Start of Block

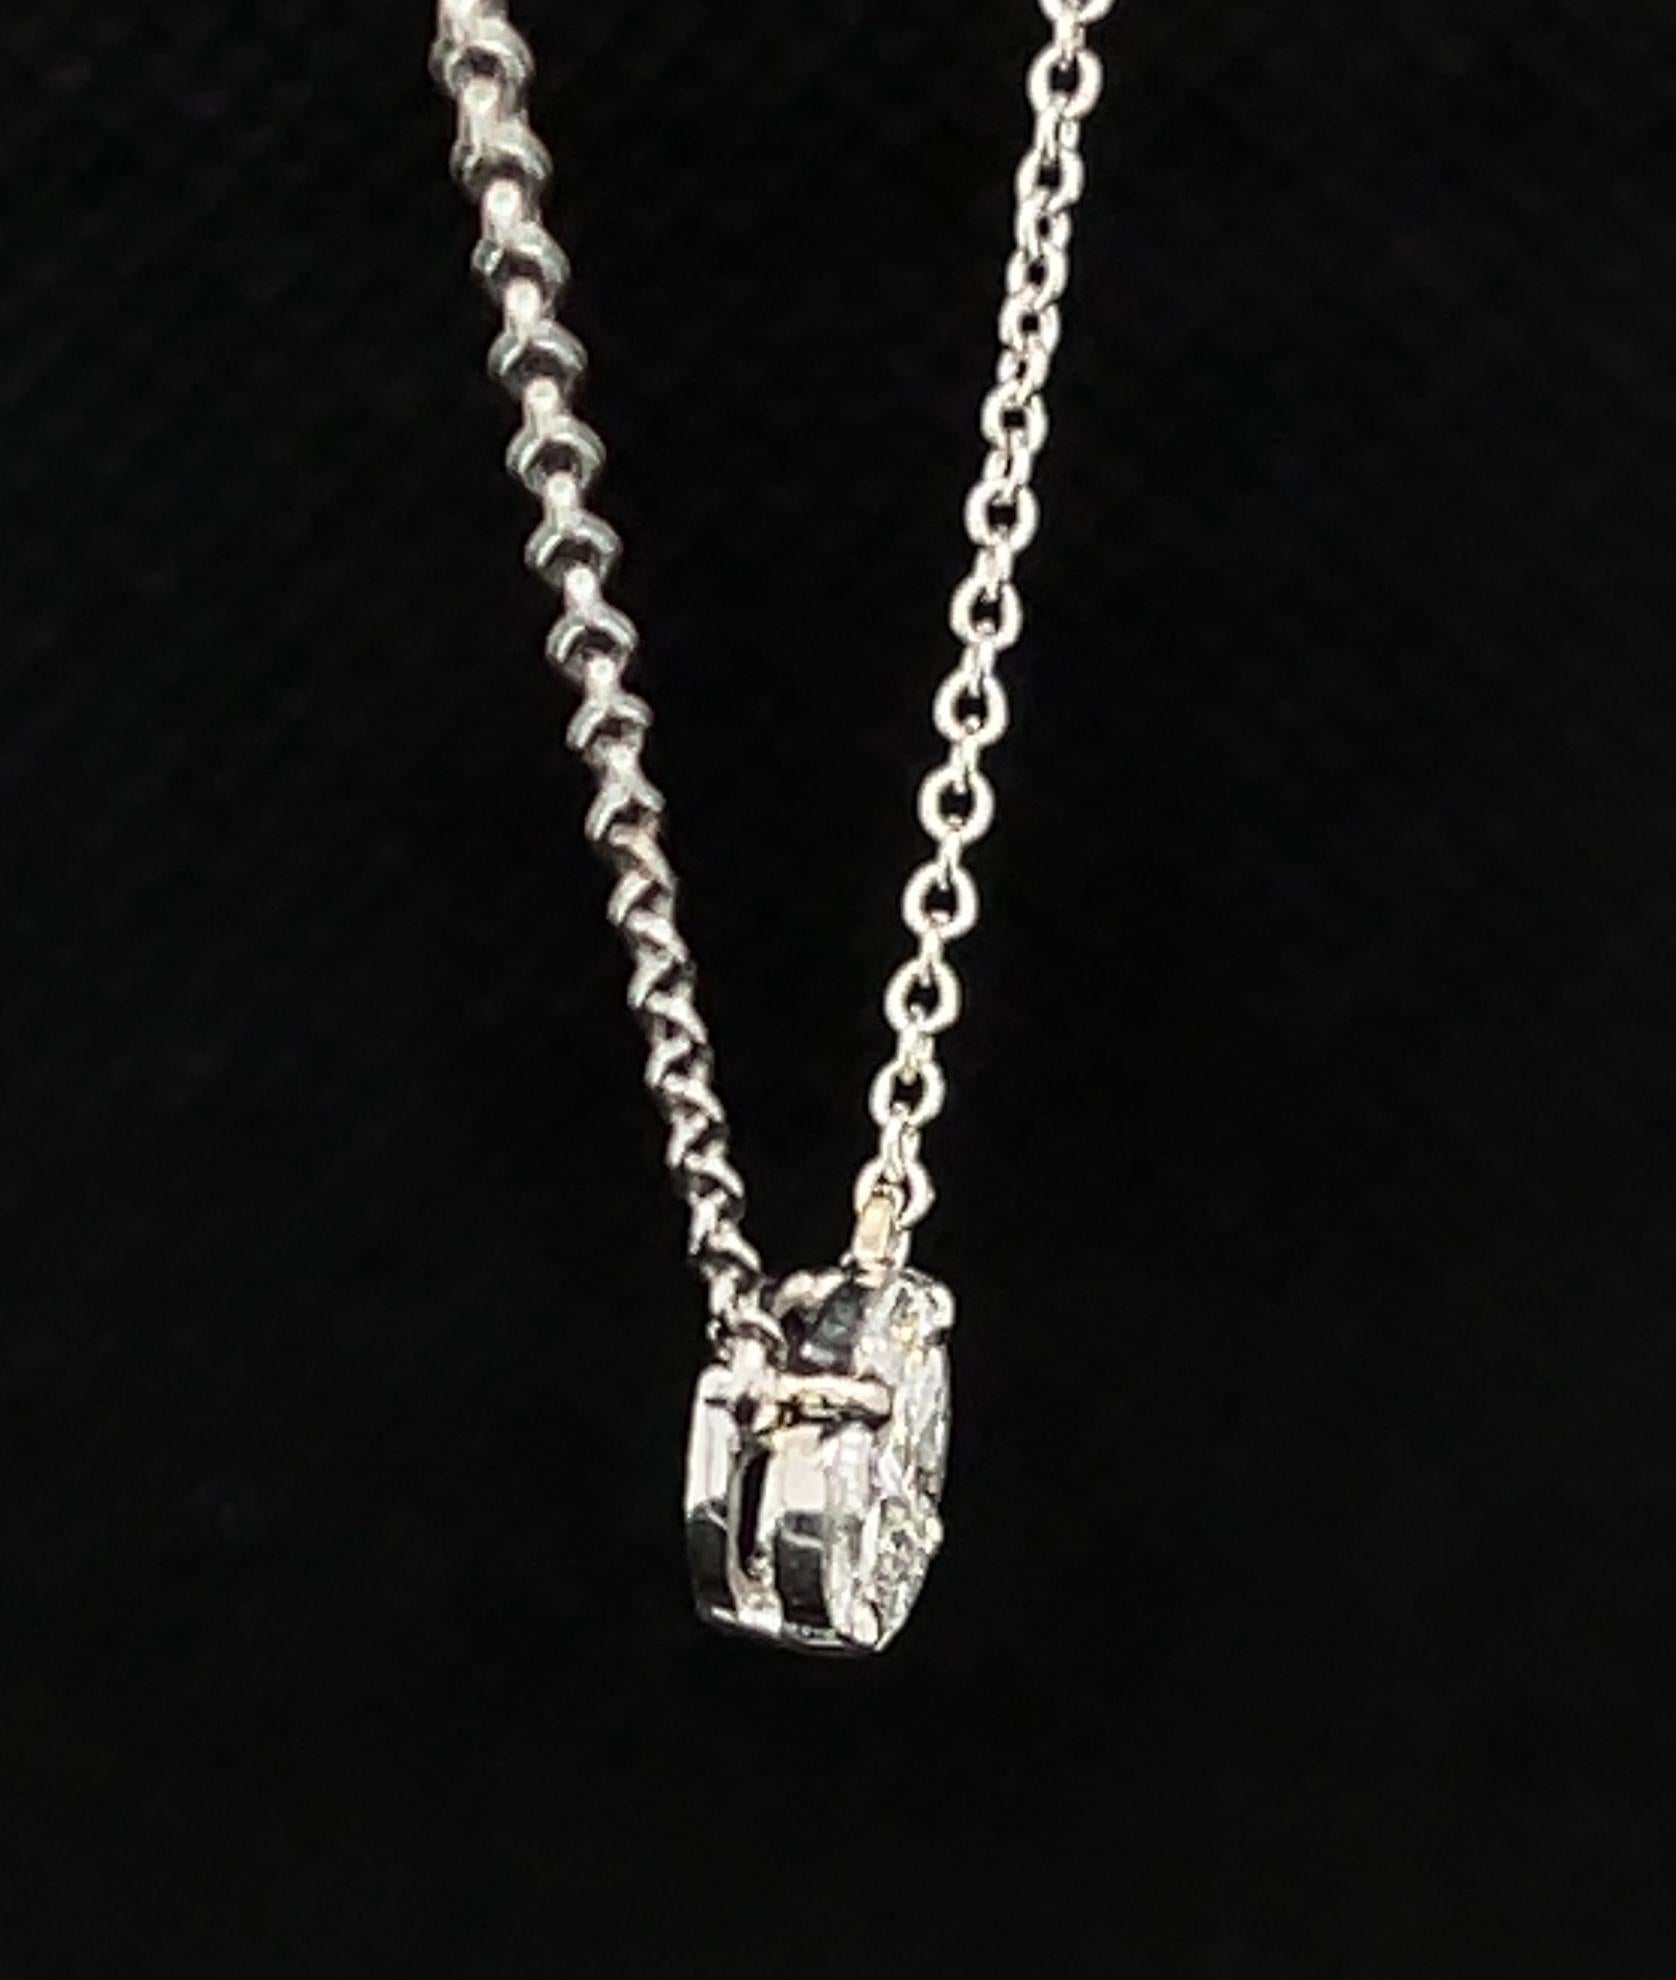 Artisan Diamond and White Gold Illusion Pendant Necklace, .26 Carats Total
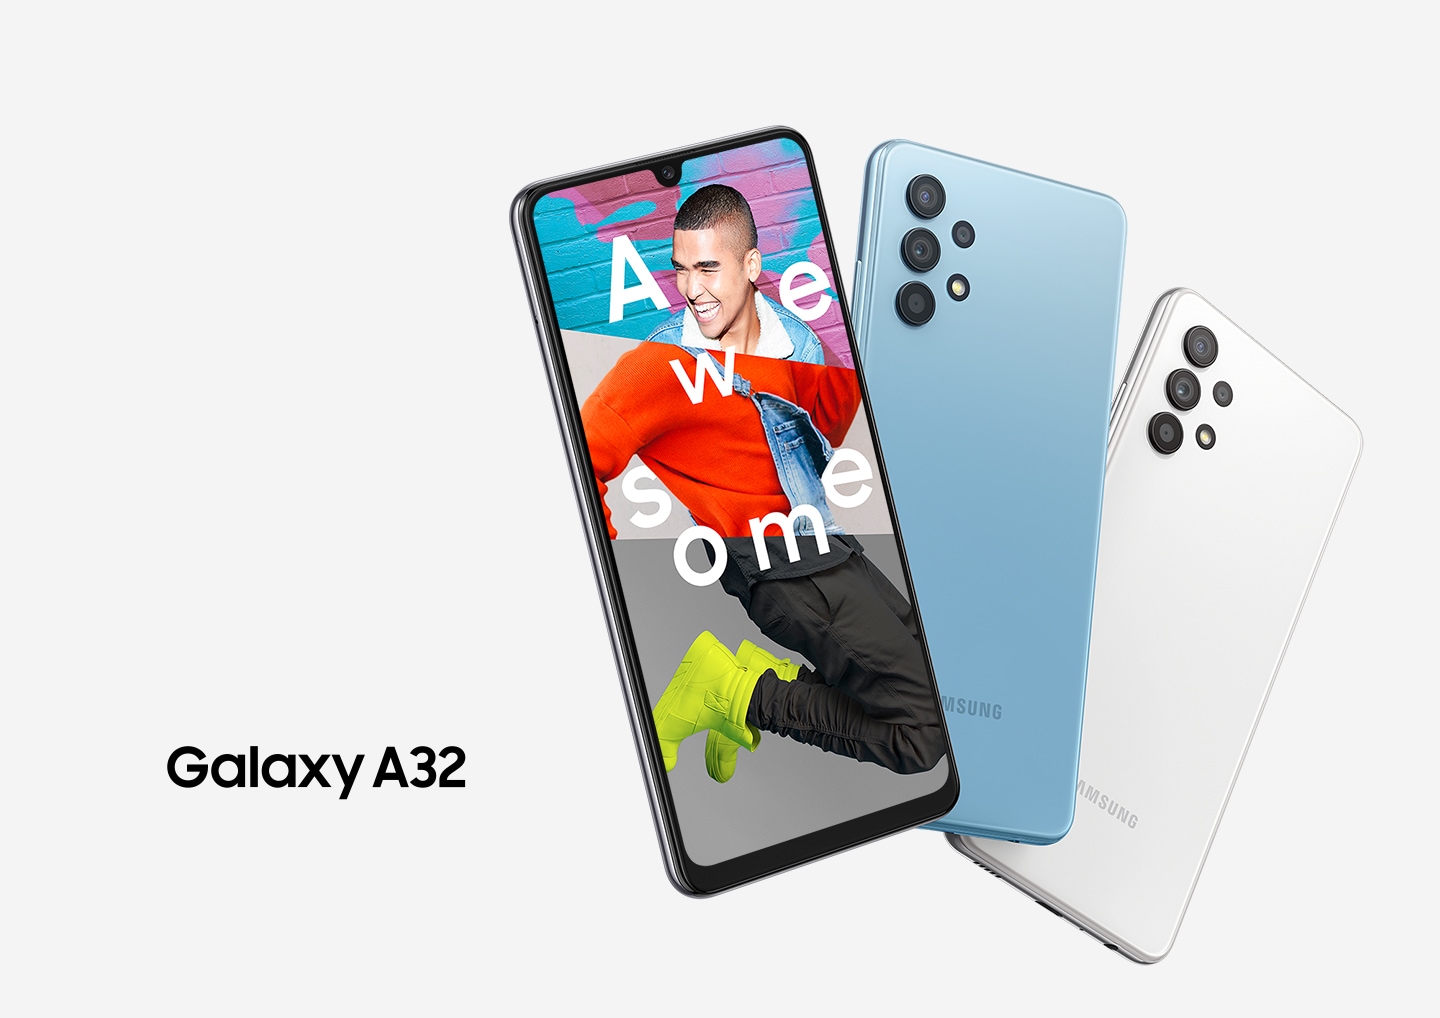 three samsung galaxy a32 in different colors fanned out, black, blue and white. The display shows a young man hopping with the word awesome on the screen.
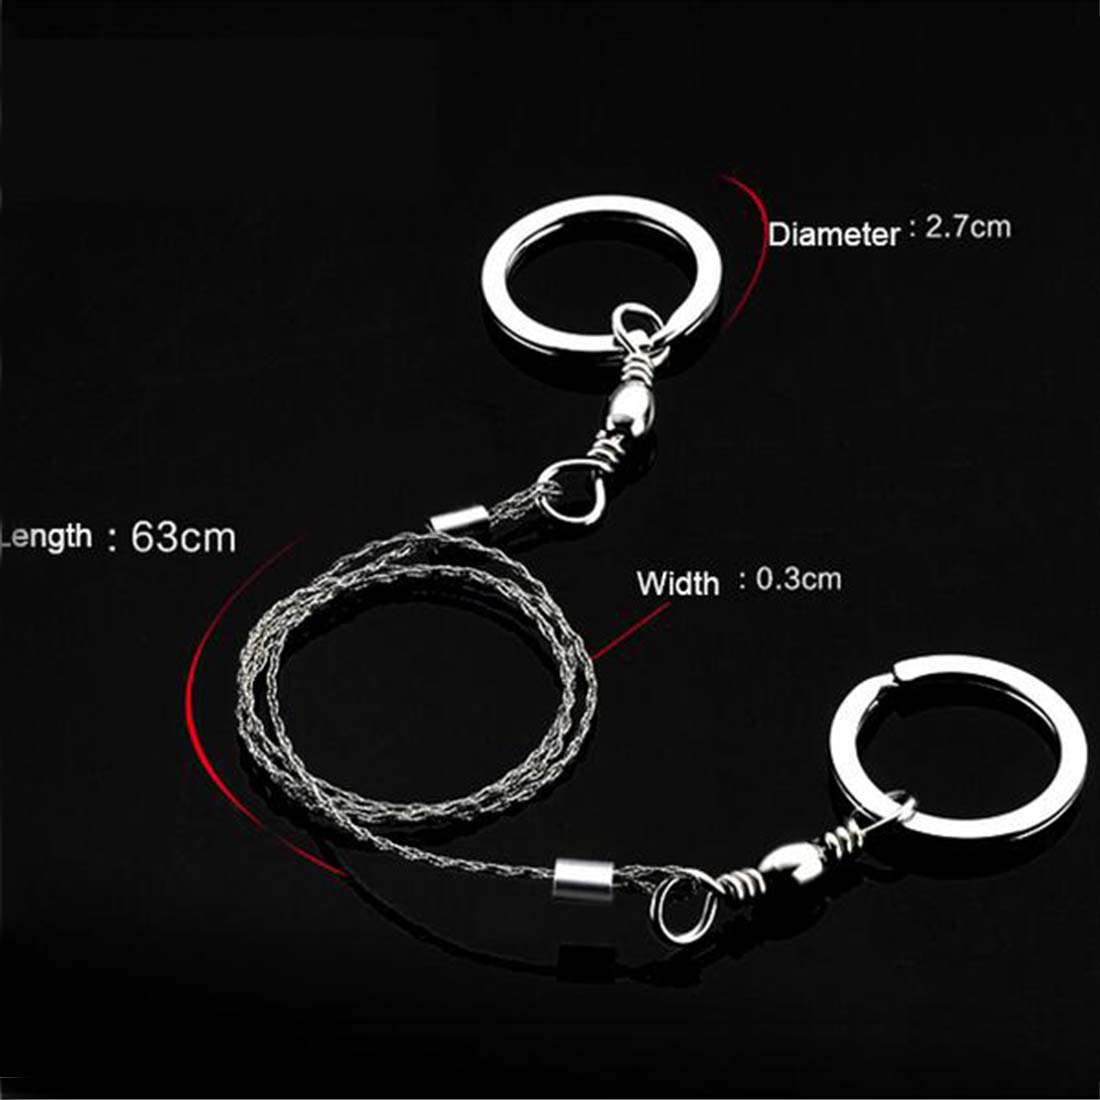 55cm Stainless Steel Wire Saw Emergency Travel Kit Camp Hike Scroll Outdoor Survive Silver Tool Hunt Cut Equipment
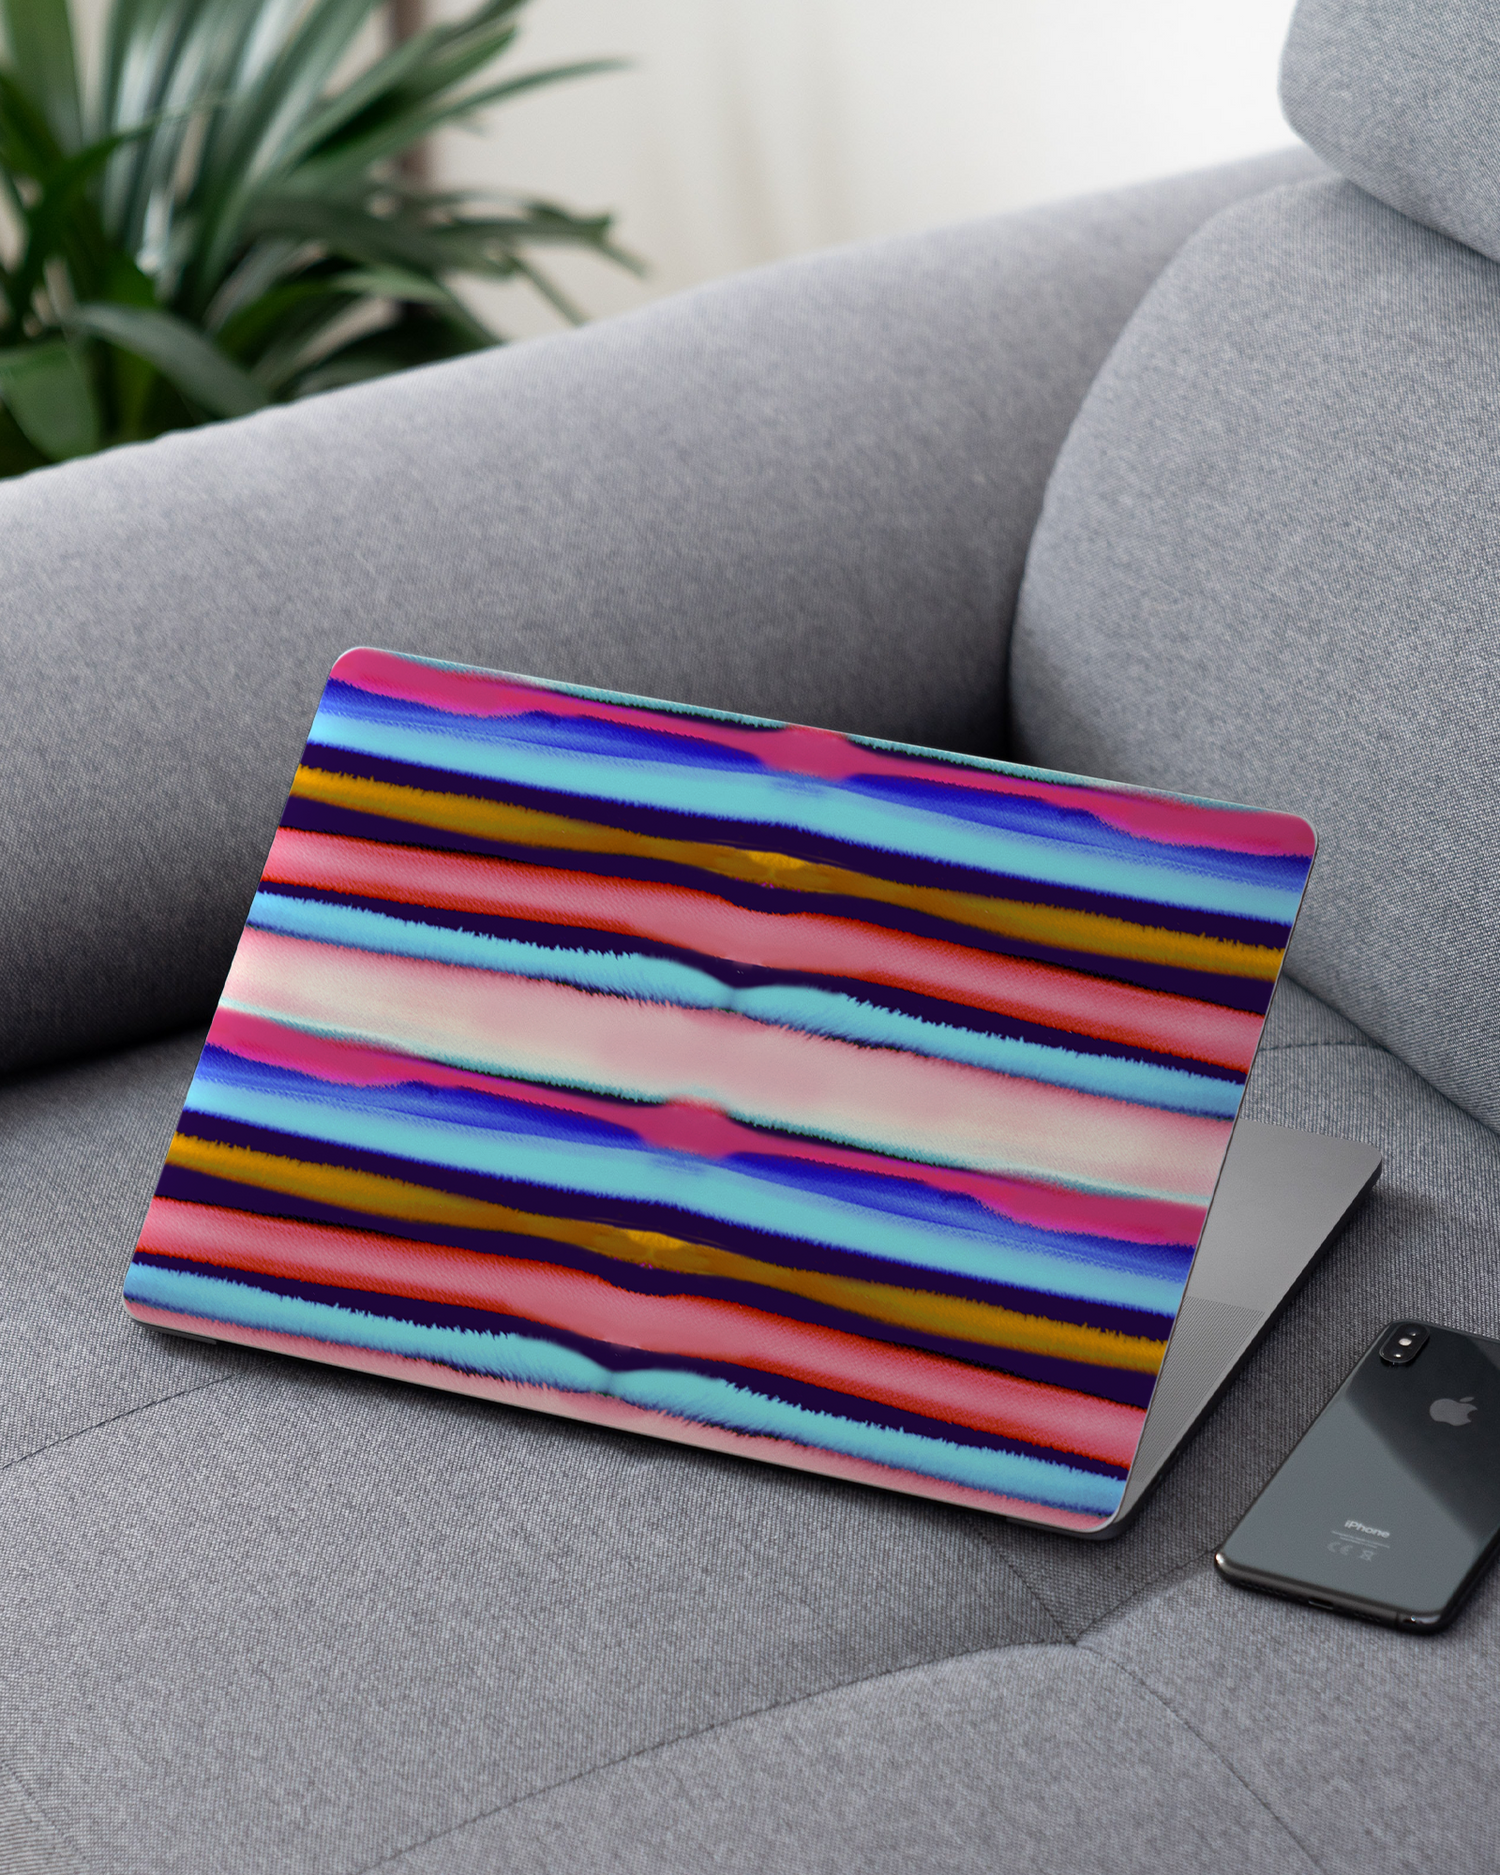 Watercolor Stripes Laptop Skin for 13 inch Apple MacBooks on a couch

End of Block

▶ YOUR ASSIGNMENT:
Starting at the line that holds "three samsung galaxy" and stopping at the last line of the listing above, write out each line exactly as it appears, and omit the pictures.

▶ WRITTEN ANSWER:
 three samsung galaxy a32 in different colors fanned out, black, blue and white. The display shows a young man hopping with the word awesome on the screen.
 55cm Stainless Steel Wire Saw Emergency Travel Kit Camp Hike Scroll Outdoor Survive Silver Tool Hunt Cut Equipment
 Watercolor Stripes Laptop Skin for 13 inch Apple MacBooks on a couch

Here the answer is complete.